Thursday round-up

At Fortune, Jeff John Roberts reports on Justice Elena Kagan’s use of a link shortener in her dissent in the Fourth Amendment case Utah v. Strieff; he observes that, “in the bigger picture, any controversy over the Google link is just a tiny part of a larger record-keeping problem for the Supreme Court and other important institutions.” Commentary on the decision comes from David Fontana, who focuses on Justice Sonia Sotomayor’s dissent at PrawfsBlawg.  Janell Ross of The Washington Post suggests that, although Sotomayor’s “view wasn’t embraced by the court,” “it is something that broad swaths of Americans, and especially black and Hispanic Americans, agree with.”

Criticism of Sotomayor’s dissent comes from the editorial board of The Wall Street Journal, Theodore Kupfer at National Review, and John McGinnis at Library of Law and Liberty.  At The Weekly Standard, Ethan Epstein observed that Sotomayor’s opinion “was greeted with the rapture usually reserved for John Oliver videos,” while in a post at National Review’s Bench Memos, Howard Slugh criticizes an article on the dissent, arguing that it “distorts the majority opinion beyond recognition.” 

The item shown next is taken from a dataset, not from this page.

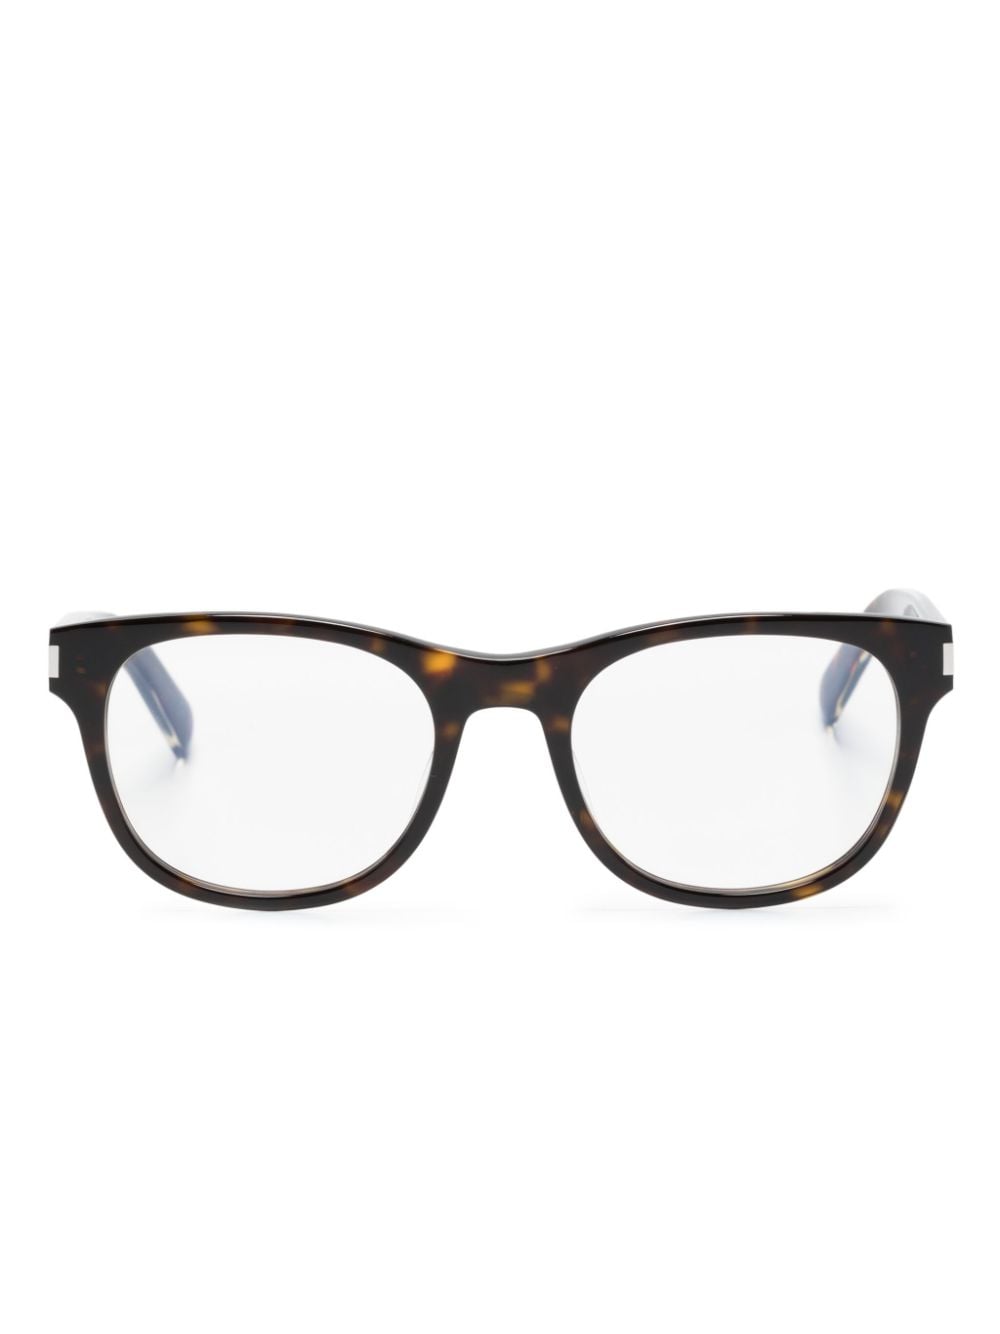 Saint Laurent Eyewear SL 663 square-frame glasses - Brown von Saint Laurent Eyewear
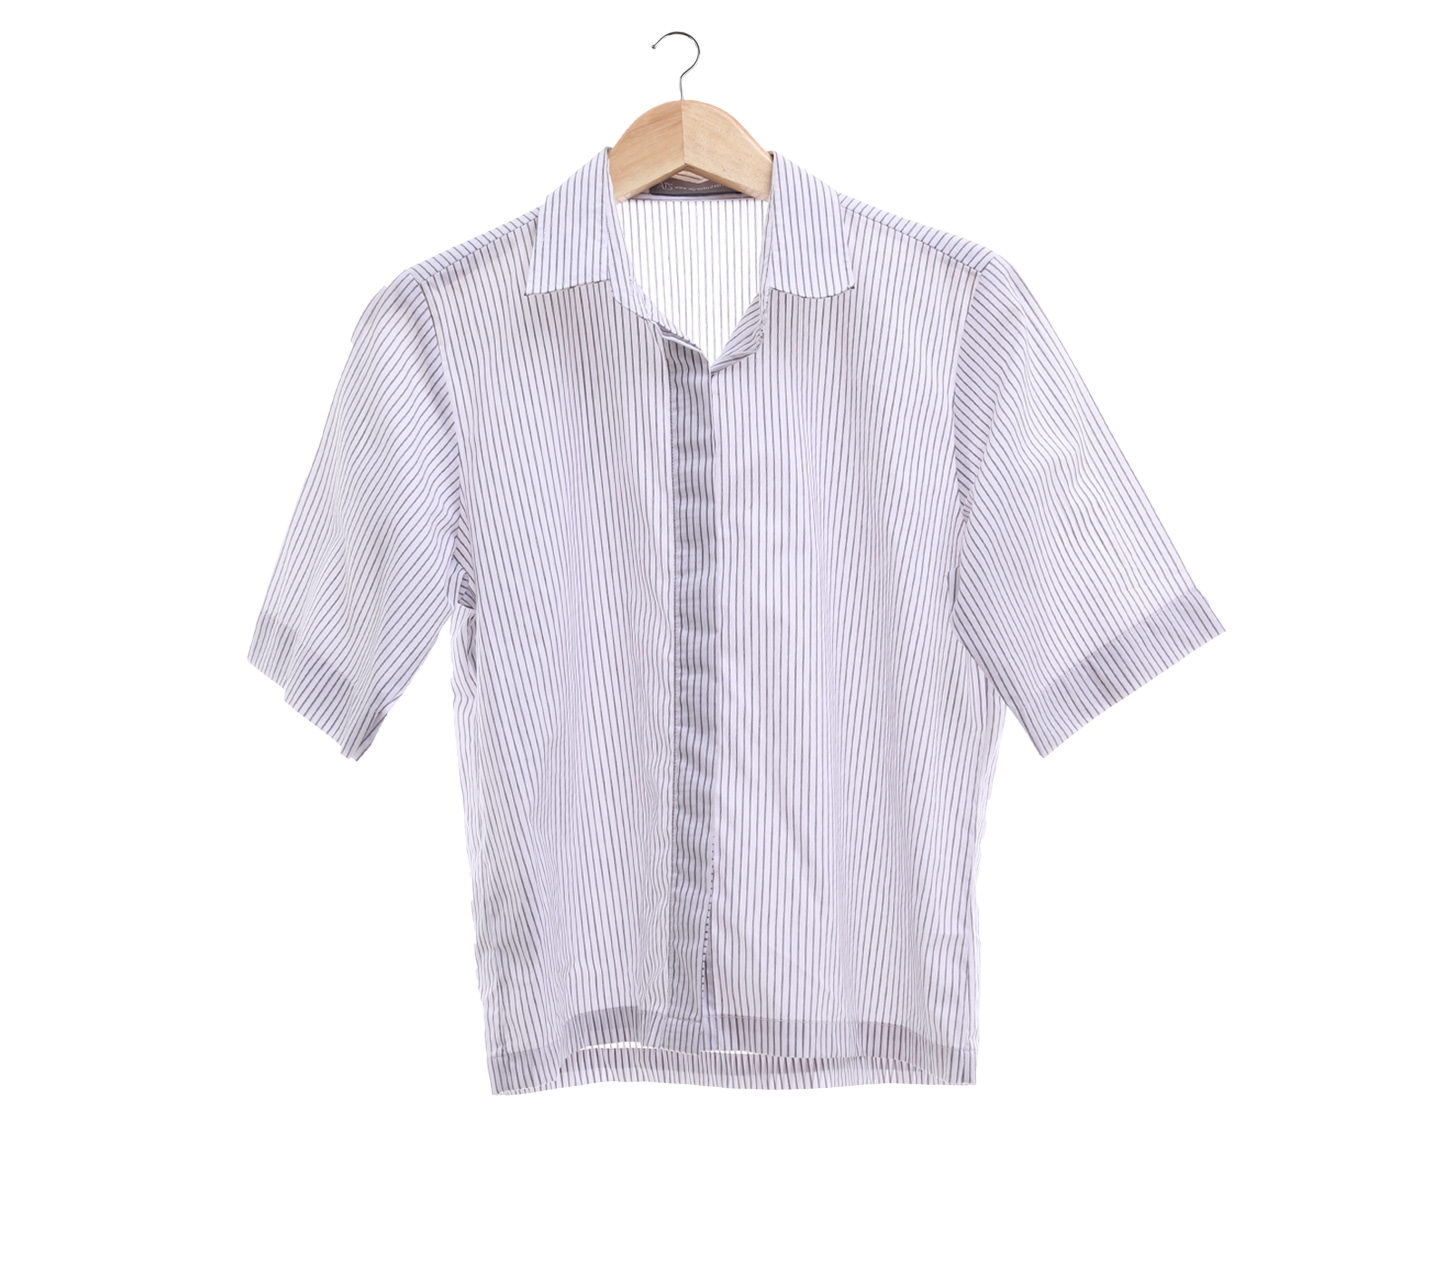 Agreetoshop Grey & White Striped Shirt

NFIB weighs in on Monday’s decision in Encino Motorcars v. Navarro, arguing that the ruling “only amounts to a modest check on arbitrary reversals. But a modest check is better than no check at all.” And at The George Washington Law Review’s On the Docket, Alan Morrison contends that, “given the lack of clarity in the law and the fact that there are auto dealerships in every state, the likelihood of inter-circuit conflict make it almost inevitable that the issue will be back, bringing with several more years of uncertainty on the part of everyone.”